Sunday, April 03, 2011

Things They Should Study: income range for which additional tax credits would actually make a difference

All this election talk of tax credits makes me wonder how many people they're actually useful for.

People at the low end of the income scale hardly pay any tax anyway, and most of what they do pay gets refunded, so they wouldn't achieve any additional savings with additional tax credits.

But the more money you have, the more the savings from a tax credit become negligible. For example, I currently don't feel the tax credit I get for my TTC Metropass. If it disappeared, I wouldn't notice. However, I still feel my RRSPs. Someone who makes ten times what I make might not feel their RRSPs either.

Tax credits whose goal is to modify behaviour (fitness, home renovation) tend to apply for things that require a certain amount of disposable income. If your budget is so tight that you just can't find room for a kickboxing class or a new kitchen, you aren't going to be able to benefit from these.

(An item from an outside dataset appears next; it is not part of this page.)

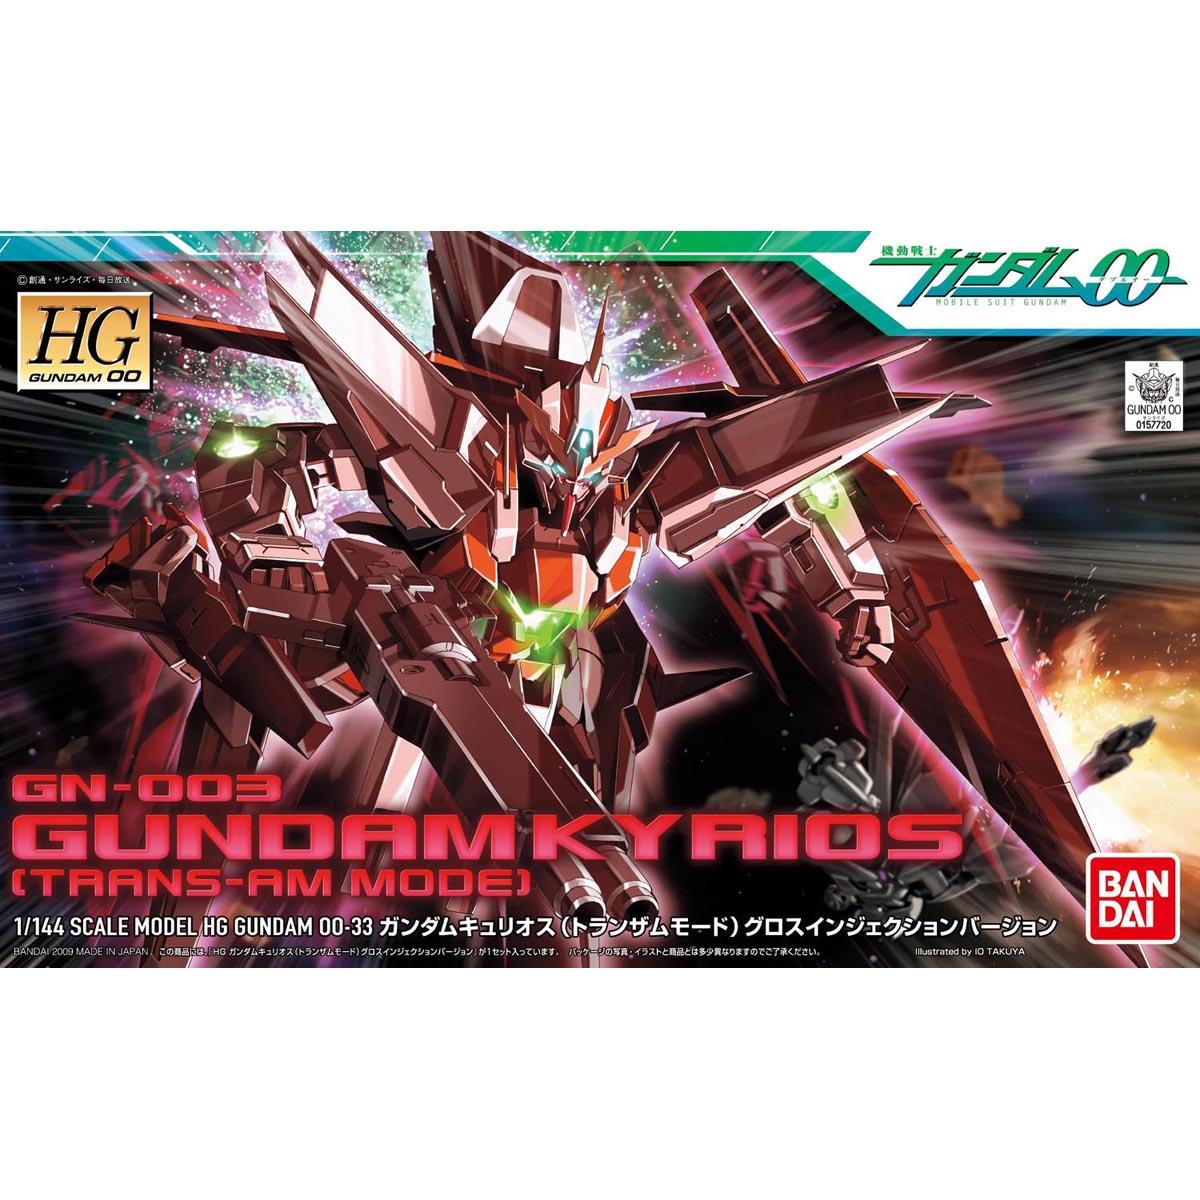 鋼彈gundam組合模型 HG 1/144 Seed #33 主天使T-AM模式

And, of course, the more tax credits you already have, the less impact any additional tax credits will have. When I was in university, my tuition deduction and educational tax credits were huge (relative to my income at the time - now they'd be nothing more than a nice little bonus). But because of this, any additional credits would have been useless to me. I was already paying no taxes and getting money back, there was nothing left to deduct!

So someone should do research: for what segment of the population are tax credits useful, and for what segment are they useless? How big do they have to be? How many people have room for those kinds of expenditures in their budgets?